Le FMI était venu en aide à l'Ukraine en lui accordant en novembre 2008 une aide de 16 milliards de dollars. Kiev en a touché près de deux tiers mais, en raison de divergences entre le Fonds et le gouvernement ukrainien sur le montant du déficit budgétaire, le FMI n'a pas débloqué la fin de cette aide, qui doit expirer en novembre. Le FMI veut aider l'Ukraine à redresser son économie, frappée de plein fouet par la crise mondiale. Aux termes des engagements pris par Kiev en échange du financement du Fonds, l'Etat ukrainien table sur un déficit budgétaire de 5,3% du PIB en 2010, qu'il prévoit de ramener à 3,5 % en 2011.
On voit qu'il y a plusieurs fragilités. L'Union européenne devrait donc sans tarder offrir la perspective, même lointaine, d'une adhésion à l'Union européenne. Elle devrait favoriser les réformes dans le pays, limiter les « coups de canif » portés à la démocratie fragile et faire du pays un pôle de stabilité. L'Ukraine est aussi une zone de transit des produits énergétiques russes à destination de l'UE avec plusieurs gazoducs clés. Quelque 80% du gaz russe à destination de l'Europe transite par l'Ukraine. Or il y a régulièrement des problèmes liés à ce transit. La dernière en janvier 2009 avait entraîné une interruption de deux semaines des livraisons russes au beau milieu de l'hiver.
Point positif dans ce tableau sombre, M. Ianoukovitch a annoncé lors d'une visite à Bruxelles pouvoir être en mesure de finaliser à l'occasion du prochain sommet UE-Ukraine, un "plan d'action" en vue d'une abolition des visas entre l'UE et l'Ukraine. Interrogé sur les craintes de voir l'Ukraine se tourner trop vers la Russie depuis l'arrivée au pouvoir du nouveau président ukrainien, M. Barroso s'est au contraire "réjoui du progrès dans les relations entre l'Ukraine et la Russie", car cela a également des répercussions sur l'UE, qui cherche aussi à développer ses relations avec la Russie. L'UE et l'Ukraine veulent également accélérer leurs négociations en vue d'un accord d'association qui comporterait un ambitieux volet commercial, ont aussi annoncé le président de l'UE Herman Van Rompuy et M. Ianoukovitch, à l'issue d'un entretien distinct. Cet accord d'association "comportera l'accord de libre échange le plus développé que l'UE a jamais conclu", a souligné M. Van Rompuy. Il permettra une "intégration graduelle de l'économie ukrainienne dans celle de l'UE", a souligné le président ukrainien.

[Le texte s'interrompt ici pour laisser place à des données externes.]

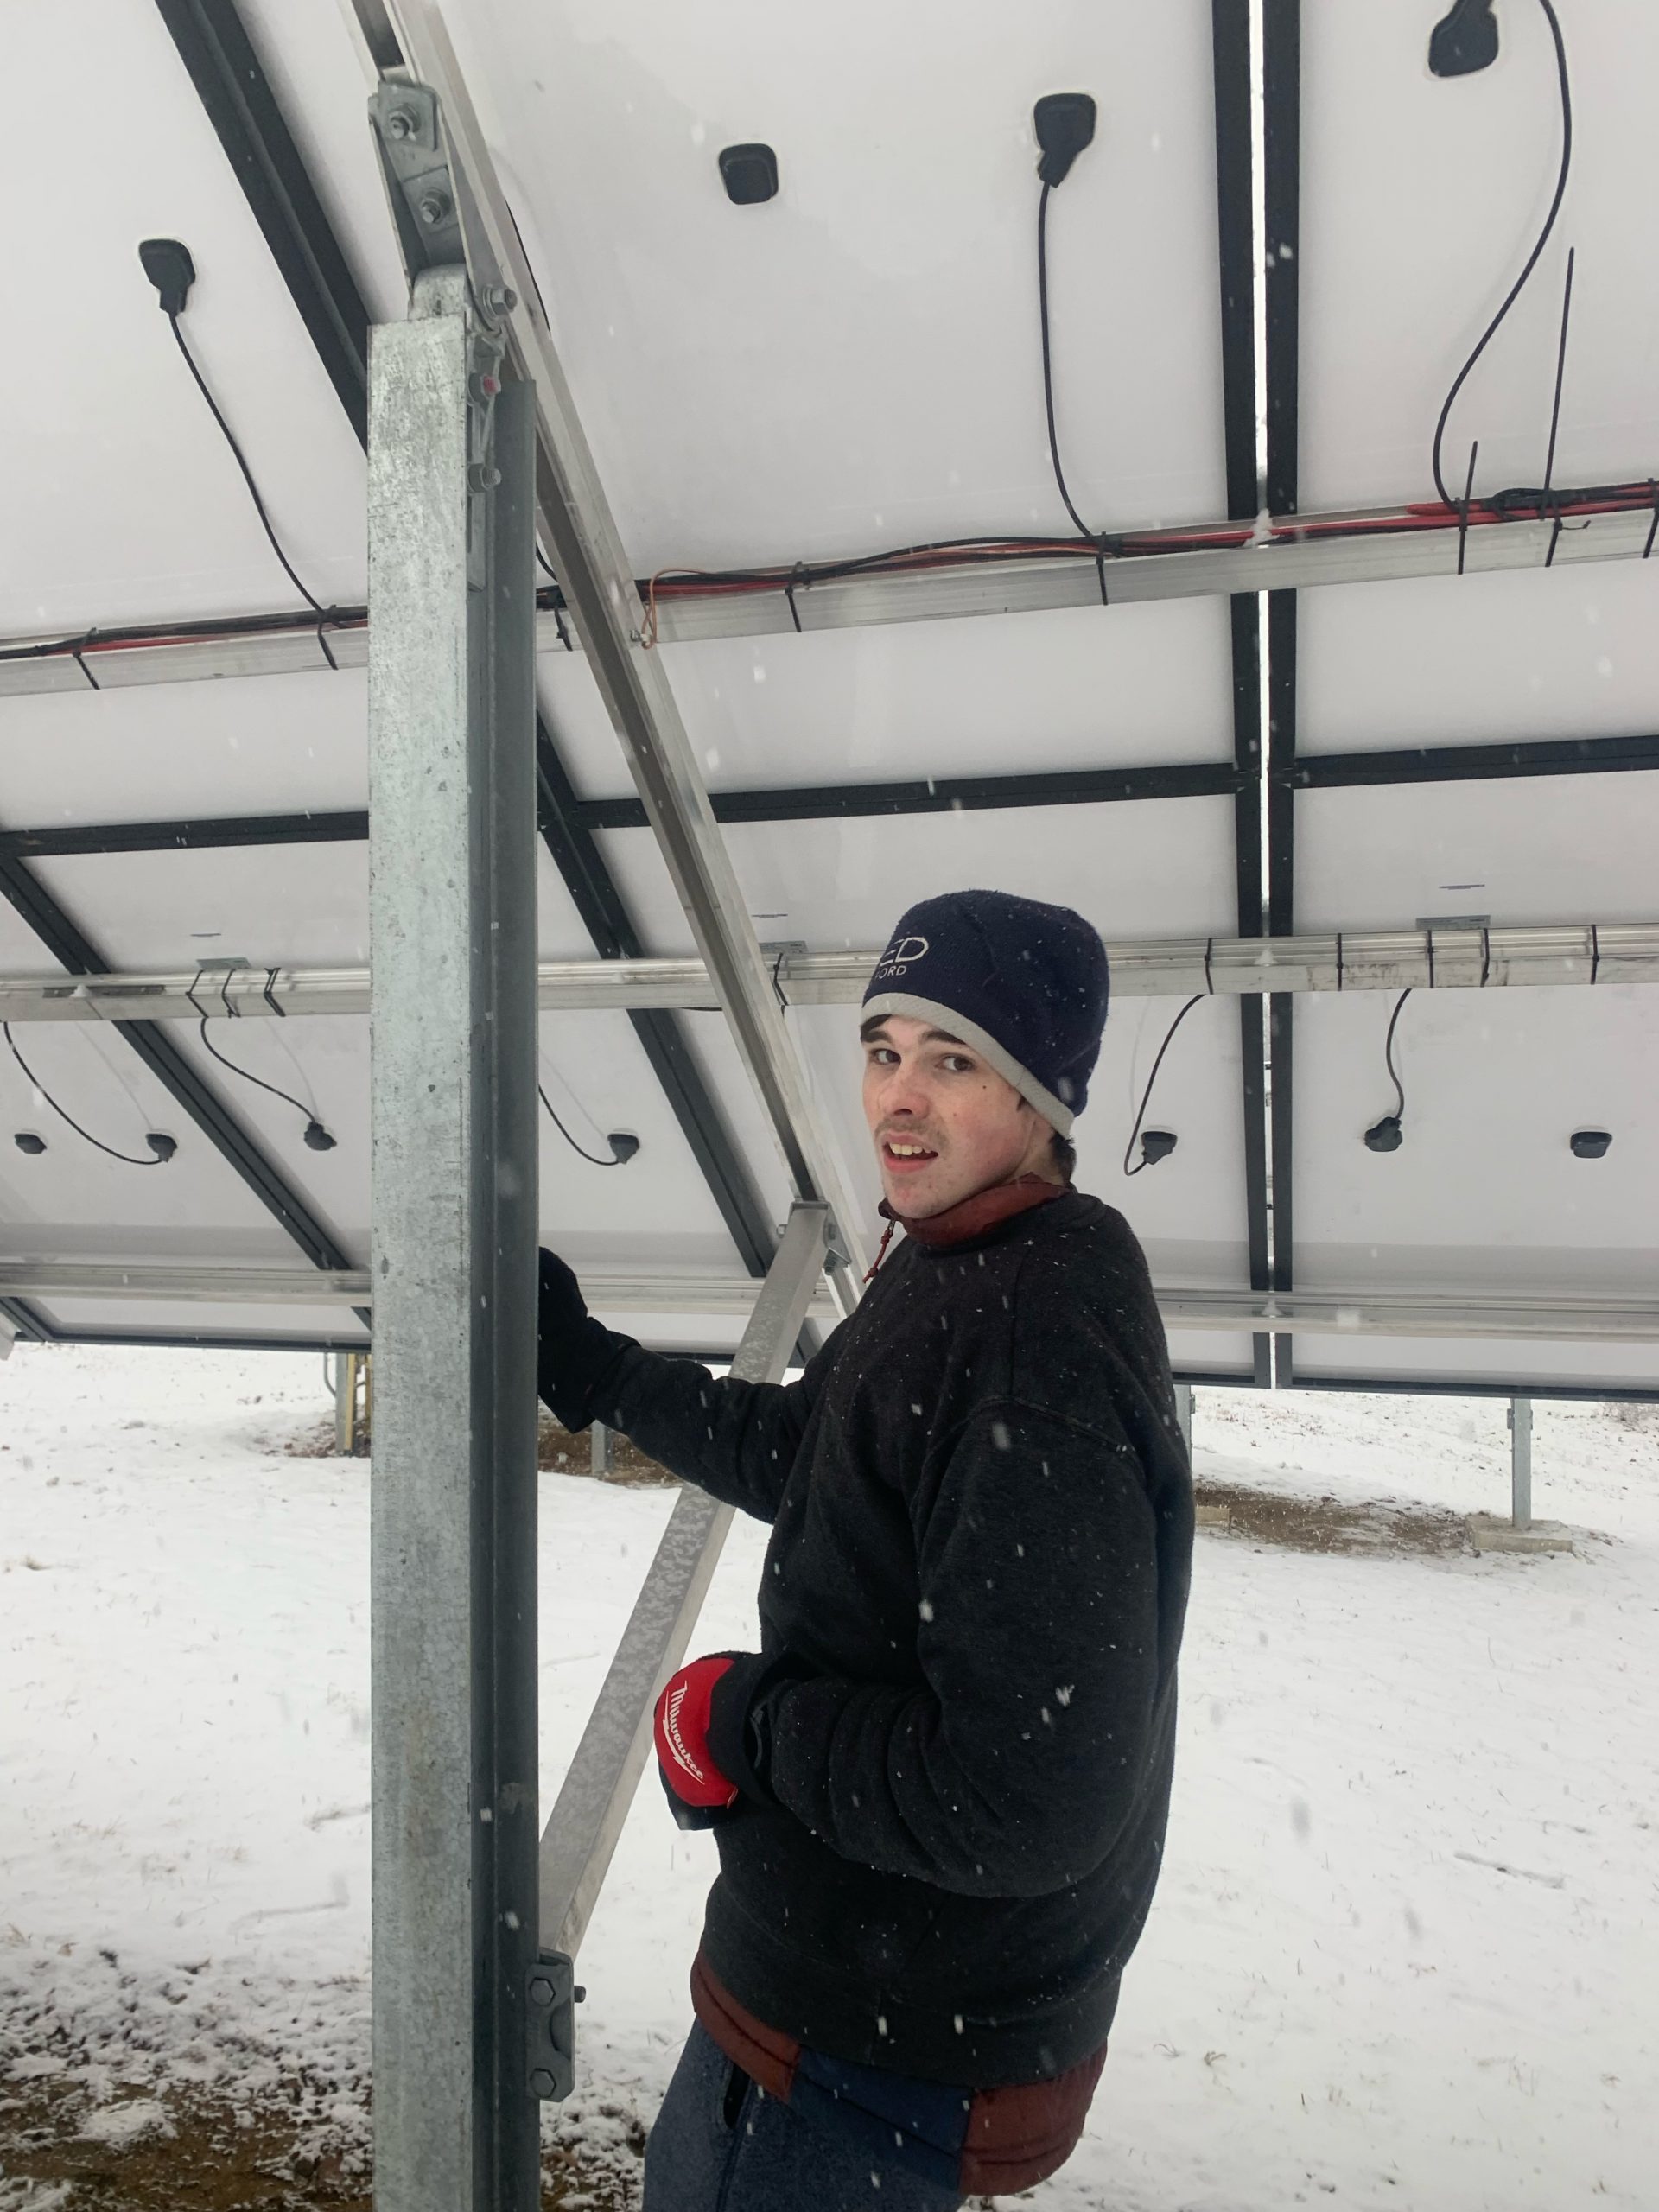 Mark Flanagan DTL Electric - PV Solar Installations New Hampshire

M. Ianoukovitch, succédant en février au pro-occidental Viktor Iouchtchenko en froid avec Moscou, a dès le départ lancé un rapprochement spectaculaire avec la Russie, avec notamment un accord sur le paiement du gaz russe contre une extension du bail russe pour utiliser la base navale stratégique de Sébastopol en Crimée, tout en cherchant à rassurer ses partenaires européens en affirmant que l'adhésion à l'UE restait prioritaire pour son pays. Il faut le prendre aux mots et que le sommet prochain UE-Ukraine soit à la hauteur des enjeux d'un pays ignoré mais néanmoins clé pour les Européens.